The Web Video Launchpad can now be removed! (It has been added to the "Channel Providers" checklist along with Netflix, et al.)

Thanx to JoeKustra for passing this along on the AVSForum thread yesterday.


----------



## jrtroo (Feb 4, 2008)

Yipee. 

For me, the slowness of these applications is the kiss of death. I can deal with netflix as I'm not surfing for content, I'm just hitting play. But these new offerings are too much like AOL in 1995.


----------



## ahwman (Jan 24, 2013)

chiguy50 said:


> The Web Video Launchpad can now be removed! (It has been added to the "Channel Providers" checklist along with Netflix, et al.)
> 
> Thanx to JoeKustra for passing this along on the AVSForum thread yesterday.

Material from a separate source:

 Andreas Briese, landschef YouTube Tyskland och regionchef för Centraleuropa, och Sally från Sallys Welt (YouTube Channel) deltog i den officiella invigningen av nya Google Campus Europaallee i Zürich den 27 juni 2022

Thanks for the heads up! I'm so glad to be rid of that thing cluttering up myTiVo...


----------



## crxssi (Apr 5, 2010)

chiguy50 said:


> The Web Video Launchpad can now be removed! (It has been added to the "Channel Providers" checklist along with Netflix, et al.)
> 
> Thanx to JoeKustra for passing this along on the AVSForum thread yesterday.

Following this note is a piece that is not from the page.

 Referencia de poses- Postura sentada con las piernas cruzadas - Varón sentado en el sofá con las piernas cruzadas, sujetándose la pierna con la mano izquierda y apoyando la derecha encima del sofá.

Thanks so much for that information! This is great news for so many reasons:

* It doesn't matter if you like Launchpad or not, you now have control to remove it. This is a good thing, all by itself.

* Less clutter in your "My Shows" (now can they just get rid of that stupid "HD Recordings" folder?? )

* It shows that feedback to TiVo *works*.

* It means that TiVo listened and *cared*.

* It helps to set a tone of TiVo owners being more than just numbers or statistics. Maybe the next time before something is added or changed like that, TiVo will consider making it an option instead of forcing it on everyone.

Thank you, TiVo. I now need to follow-up to TiVo with thanks Email... positive feedback is just as important as negative. I invite others to do so too.


----------



## sharkster (Jul 3, 2004)

chiguy50 said:


> The Web Video Launchpad can now be removed! (It has been added to the "Channel Providers" checklist along with Netflix, et al.)
> 
> Thanx to JoeKustra for passing this along on the AVSForum thread yesterday.


Awesome! Thanks for letting us know here.

Furthermore, I don't understand the vitriol from some about this issue. I cannot speak for anybody else, but all I wanted was to not have stuff cluttering up my 'my shows' list that I didn't want there.

I never complained because I didn't want anybody else to have this service. I just want to be able to view the content on MY Tivos that I choose, not to make anybody else's choices.

It's bad enough that I had to delete all folders just to get rid of that ridiculously redundant 'HD shows' folder. If that's what it takes and some people like that folder, fine.

I just don't think anybody is trying to take anything away from anybody. We just want appropriate control over what clutters up our screens that we don't use.


----------



## Goober96 (Jun 28, 2005)

sharkster said:


> It's bad enough that I had to delete all folders just to get rid of that ridiculously redundant 'HD shows' folder.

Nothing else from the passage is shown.